Methods: We reviewed the medical records of all patients diagnosed with PAPS-associated DAH and aPL-associated DAH between January 1, 1997, and December 31, 2013, for clinical features, laboratory and radiographic findings, management, and outcomes.
Results: A total of 17 patients met the criteria for DAH and had aPL and 10 patients met the criteria for PAPS. The mean age at DAH diagnosis was 57.6 years. Secondary causes of DAH were ruled out. Surgical lung biopsy was performed in 6 cases, 5 of whom had bland hemorrhage. Pulmonary capillaritis was present in only 1 case. Four patients (3 with aPLs and 1 with PAPS) achieved complete remission despite receiving no treatment. The majority of patients treated received initial corticosteroids. Additionally, cyclophosphamide (2 cases), rituximab (1 case), plasma exchange (2 cases), methotrexate (1 case), azathioprine (1 case), and hydroxychloroquine (2 cases) were used. In total, 10 patients (59%) achieved complete and sustained remission with a median length of follow-up of 48 months.
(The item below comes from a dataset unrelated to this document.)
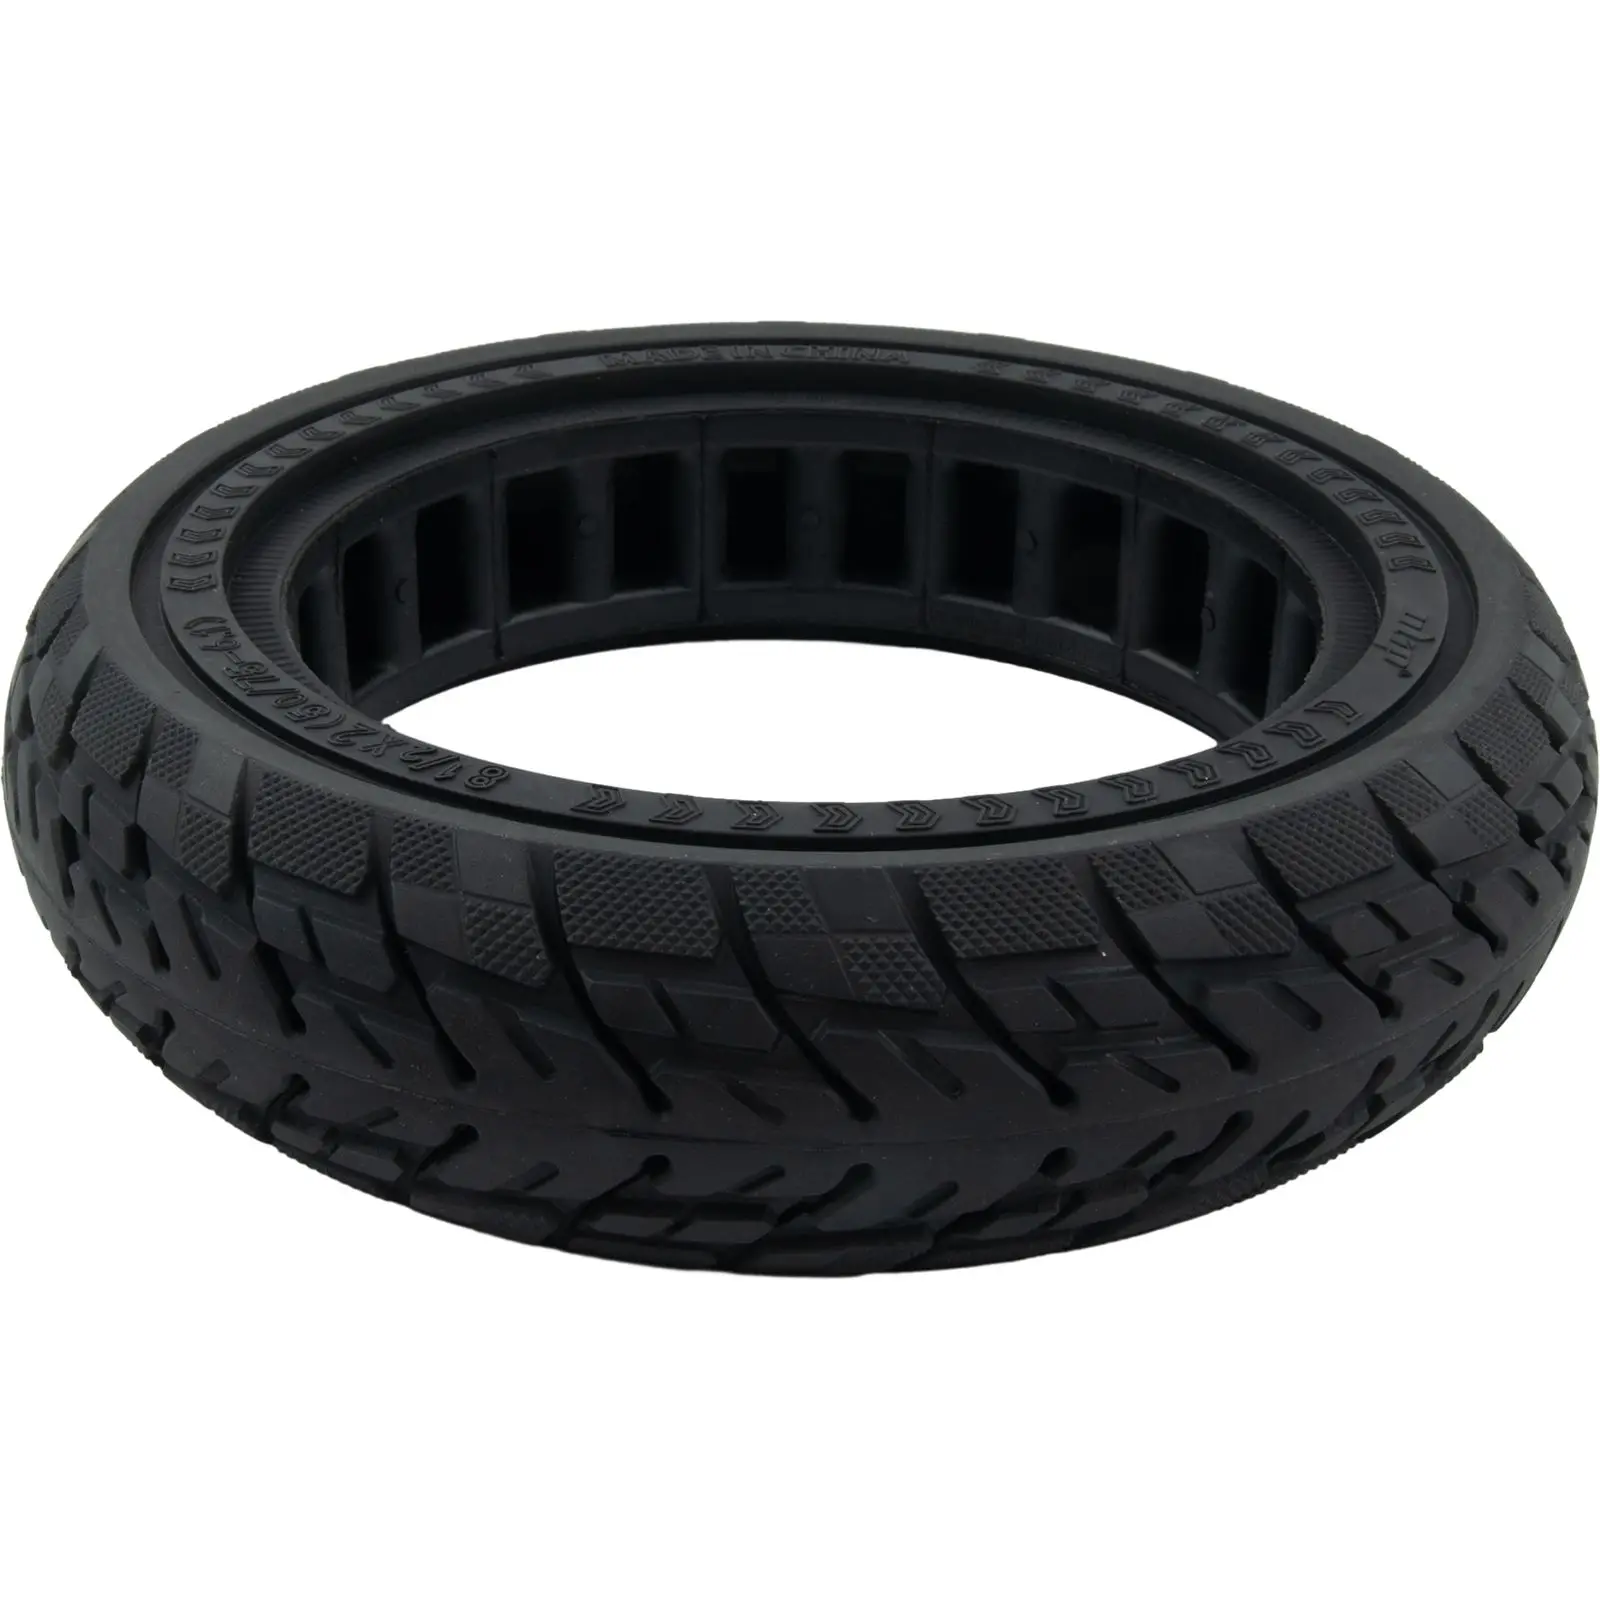 

Durable High Quality Material Practical Brand New Solid Tire Rubber Tubeless Black Roads Weight 720g Cycle M365
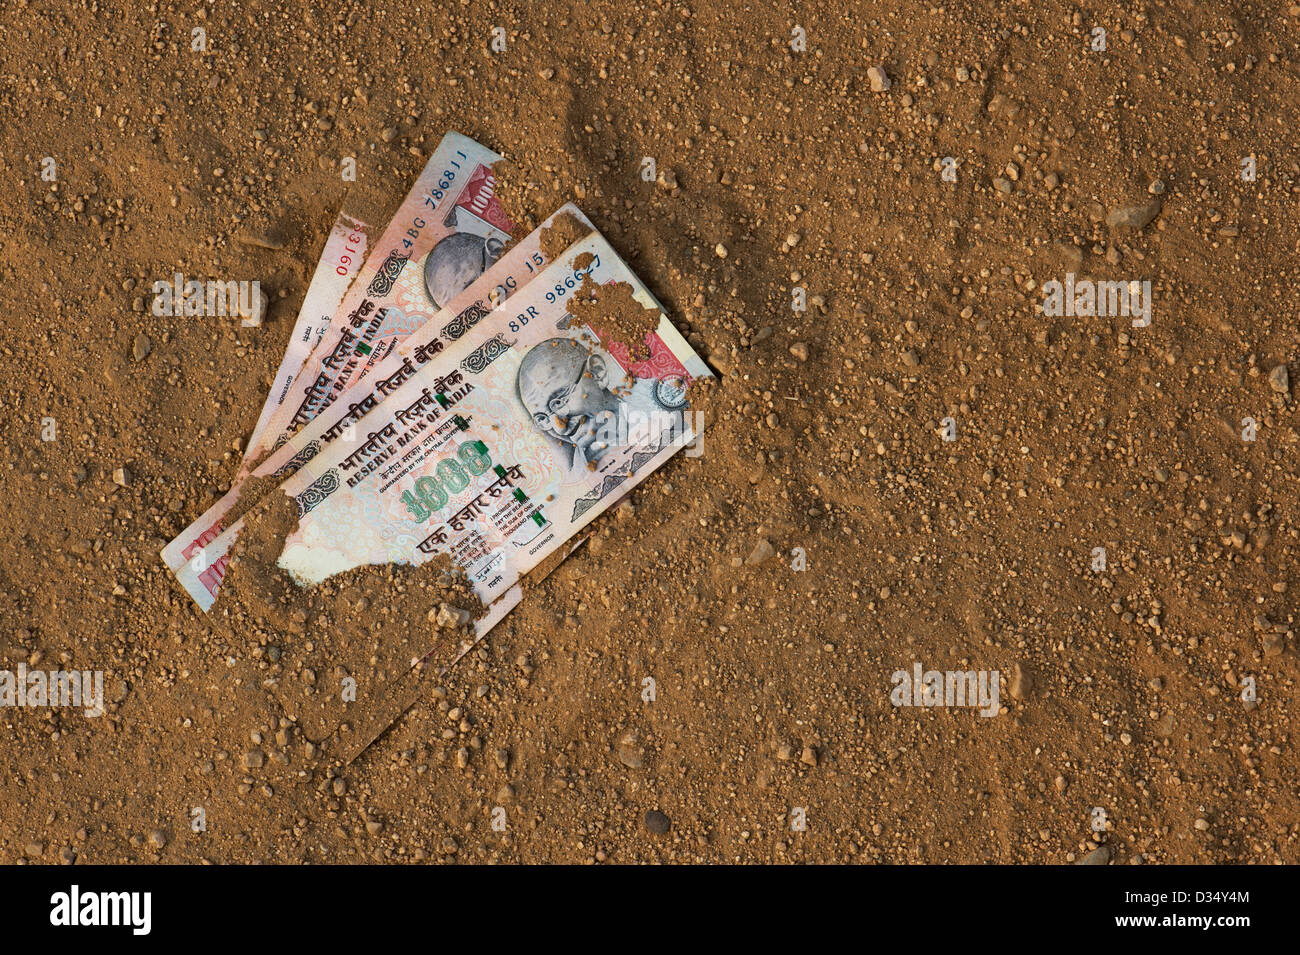 Indian thousand rupee notes on a dirt track. India Stock Photo

Four patients (23%) died (2 with PAPS and 2 with aPLs), all from uncontrolled DAH. Three patients (18%) relapsed after achieving complete remission.
Conclusions: DAH is a rare complication of PAPS that can also arise de novo in aPL-positive individuals. Lung pathology shows either bland hemorrhage or capillaritis. Recognition of this unusual but known complication is important, since early diagnosis and therapy could potentially affect outcomes.
Keywords: Antiphospholipid antibodies; Diffuse alveolar hemorrhage; Primary antiphospholipid syndrome.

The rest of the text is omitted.